Assessing magnetic torques and energy fluxes in close-in star-planet systems

TL;DR

This paper uses 3D magnetohydrodynamic simulations to analyze magnetic torques and energy fluxes in close-in star-planet systems, providing scaling laws for planetary migration and emission predictions.

Contribution

It introduces a simple parametrization of magnetic torque and energy flux based on a grid of 3D MHD simulations, aiding in modeling star-planet magnetic interactions.

Findings

Derived scaling laws for magnetic torque and energy flux.

Identified dependencies on planetary and stellar wind properties.

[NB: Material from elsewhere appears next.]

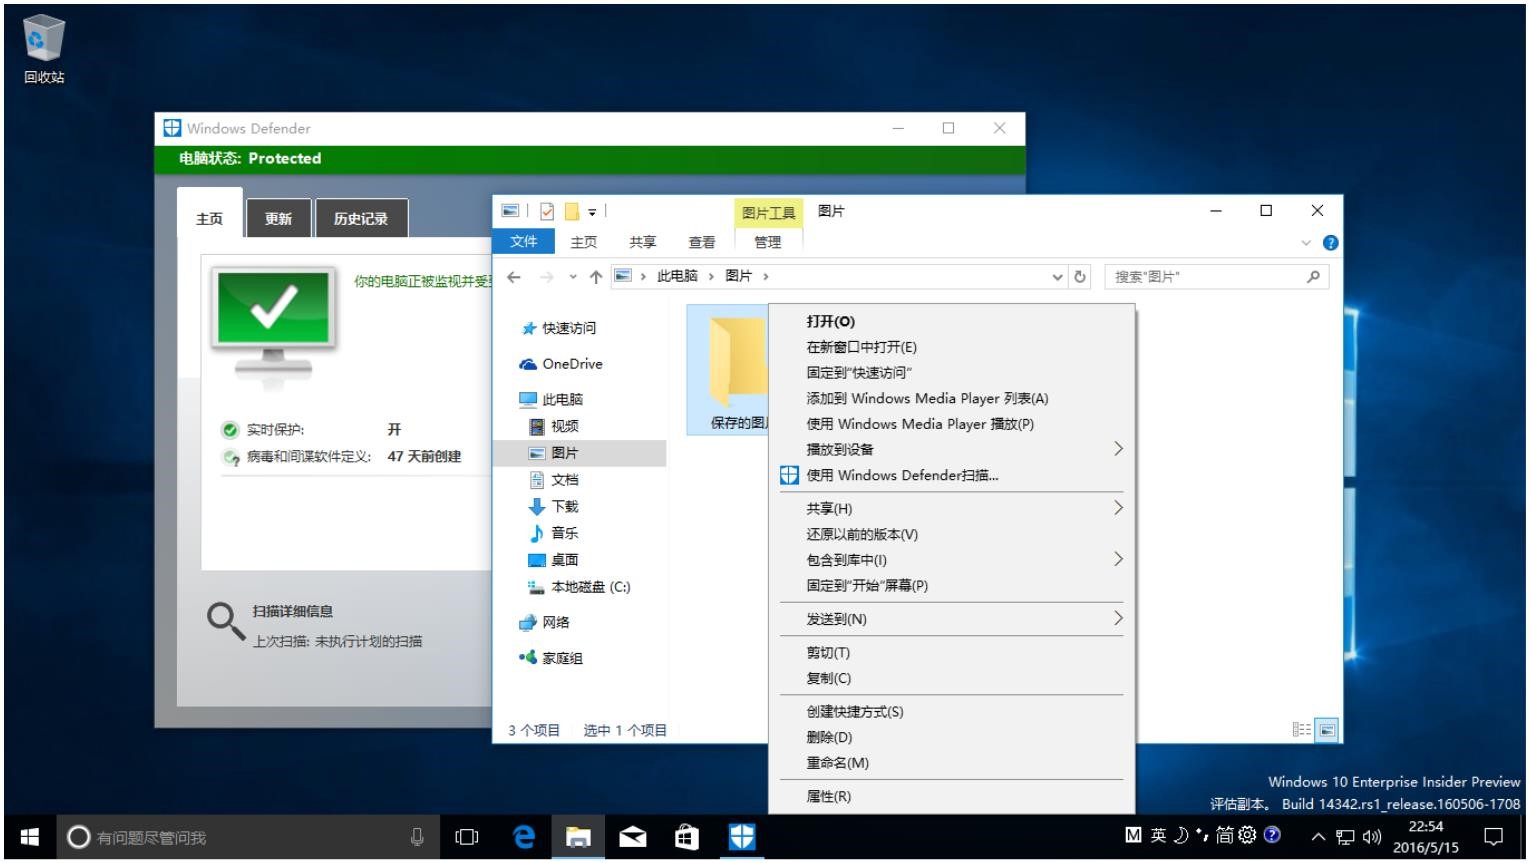 Windows10用户手册 - Windows10 Insider Preview - 新特性

Provided tools for estimating exoplanetary magnetic fields from observations.

Abstract

Planets in close-in orbit interact with the magnetized wind of their hosting star. This magnetic interaction was proposed to be a source for enhanced emissions in the chromosphere of the star, and to participate in setting the migration time-scale of the close-in planet. The efficiency of the magnetic interaction is know to depend on the magnetic properties of the host star, of the planet, and on the magnetic topology of the interaction. We use a global, three-dimensional numerical model of close-in star planet systems, based on the magnetohydrodynamics approximation, to compute a grid of simulations for varying properties of the orbiting planet. We propose a simple parametrization of the magnetic torque that applies to the planet, and of the energy flux generated by the interaction. The dependancy upon the planet properties and the wind properties are clearly identified in the derived scaling laws, which can be used in secular evolution codes to take into account the effect of magnetic interactions in planet migration. They can also be used to estimate a potential magnetic source of enhanced emissions in observed close-in star-planet systems, in order to constrain observationally possible exoplanetary magnetic fields.